Dell Said to Mull Buying Quest for Computer-Management Tools

Dell Inc. (DELL) is in discussions to acquire Quest Software Inc. (QSFT), a maker of tools that help companies manage their computer systems, according to people with knowledge of the matter.

Dell is among several companies that made offers for Quest Software after it agreed in March to be bought by private-equity and venture-capital firm Insight Venture Partners for about $2 billion, said the people, who asked not to be identified because the discussions are private.

Quest, based in Aliso Viejo, California, makes software that helps companies manage databases and servers, as well as back up information and recover lost data. Dell, the third- largest maker of personal computers, is using deals to help it cater to business customers and lessen its reliance on PCs.

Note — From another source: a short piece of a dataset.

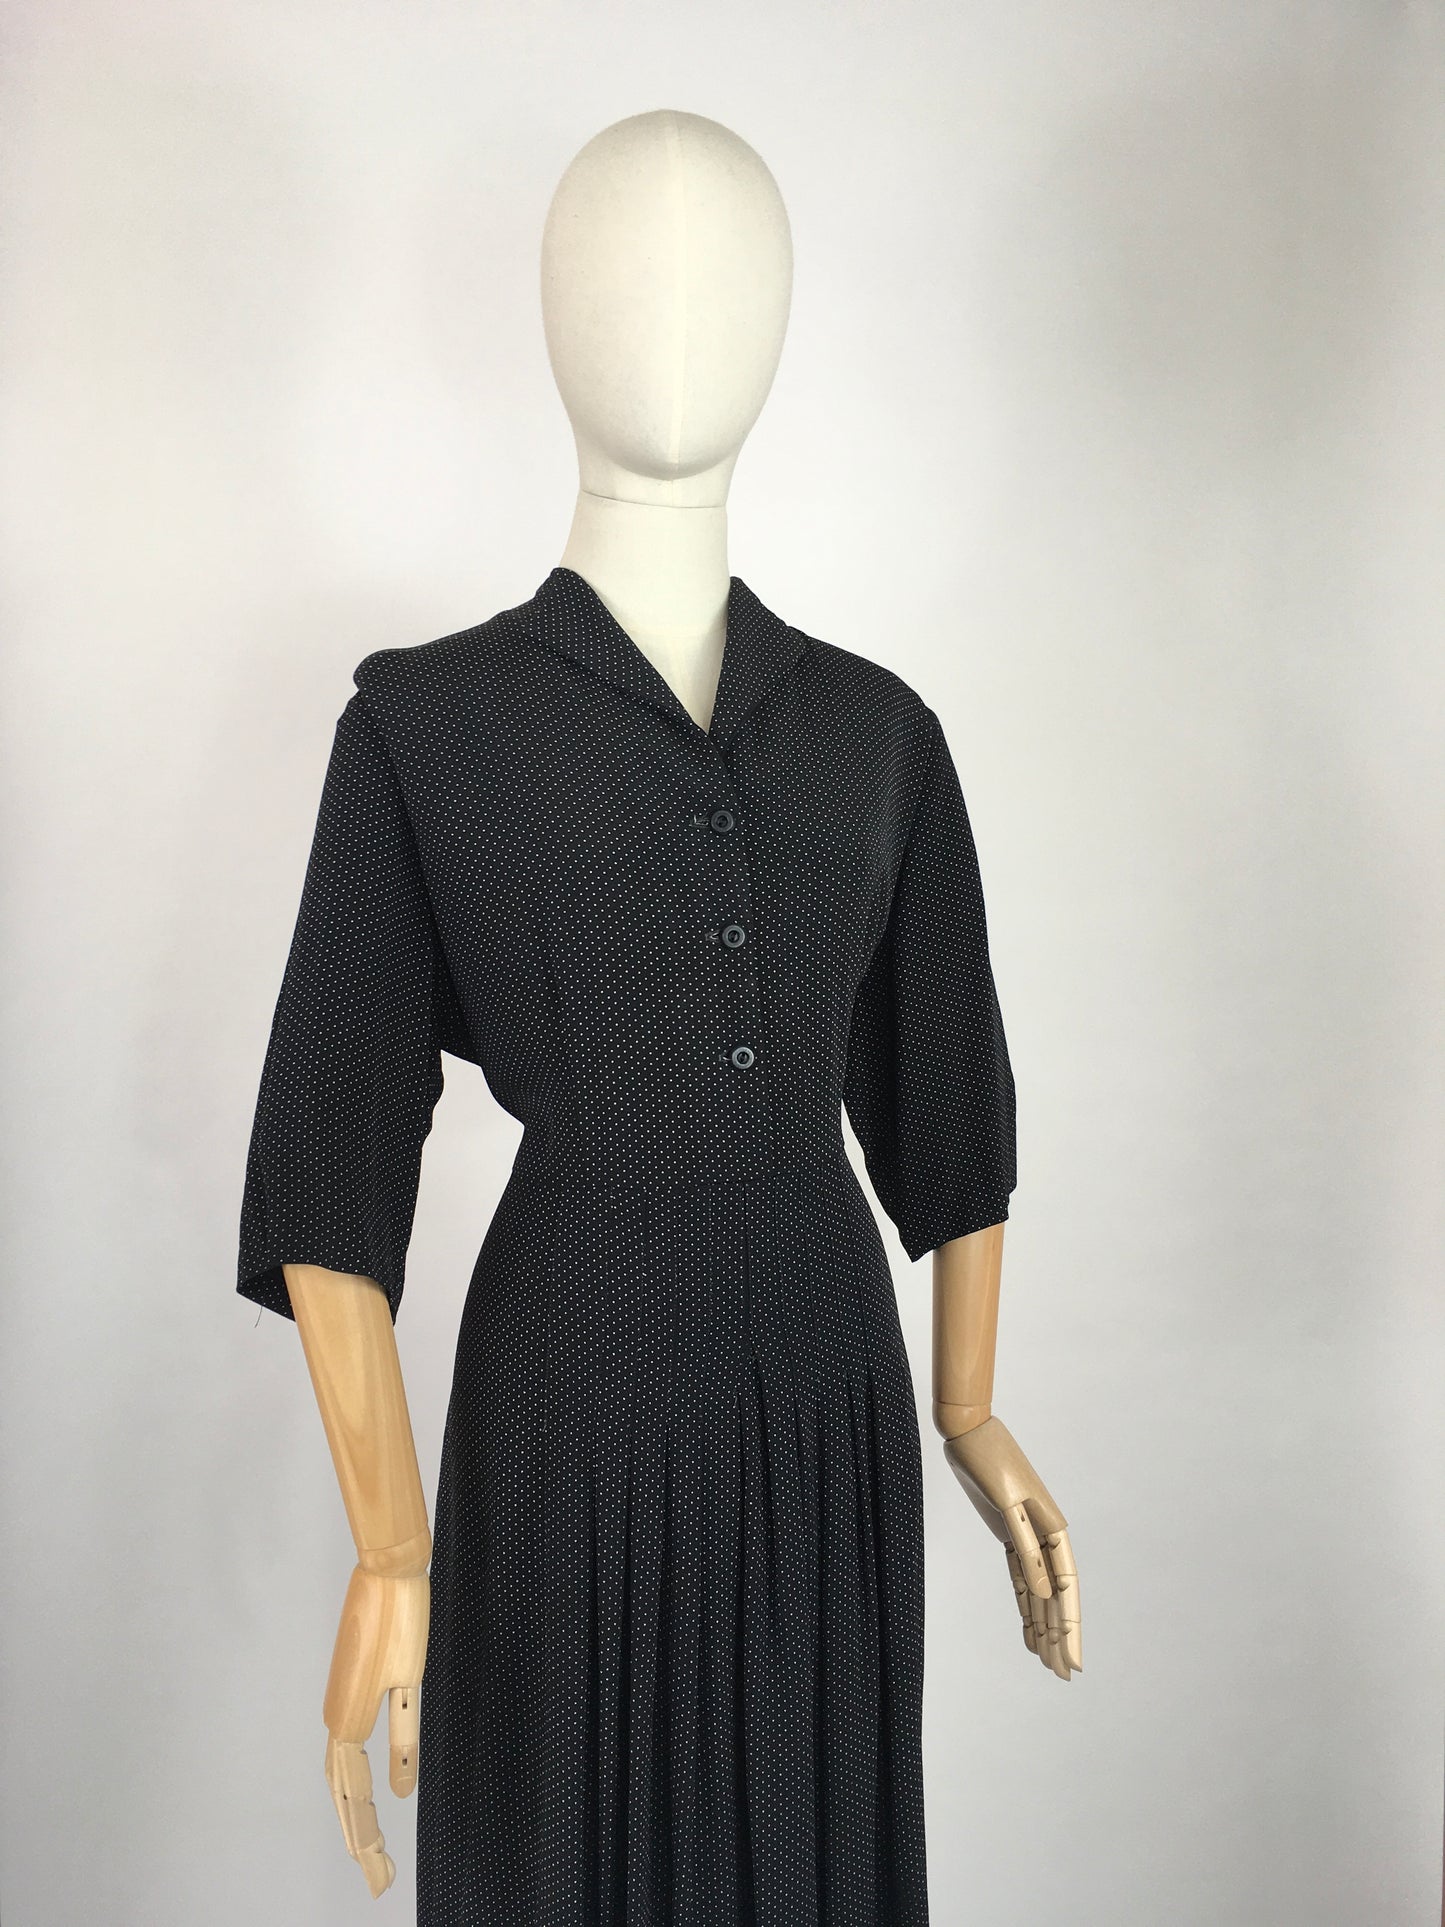 Original 1940’s VOLUP Day Dress - In a Beautifully Classic Black and White Polka Dot Cotton

Quest, which had a market value of $2.12 billion at yesterday’s close, also helps customers monitor the performance of applications that run businesses. The stock gained 4.6 percent to $26.33 at 9:35 a.m. in New York. Before today, it had surged 35 percent this year amid speculation that another company would top Insight Venture Partners’ $23-a-share bid.

Dell, based in Round Rock, Texas, has been making purchases -- including five announced this year -- to add software, computer storage and networking gear to its lineup of PCs, which account for 52 percent of its sales.

Photographer: Brent Lewin/Bloomberg

Quest Software makes tools that help companies manage their computer systems. Close

Quest Software makes tools that help companies manage their computer systems.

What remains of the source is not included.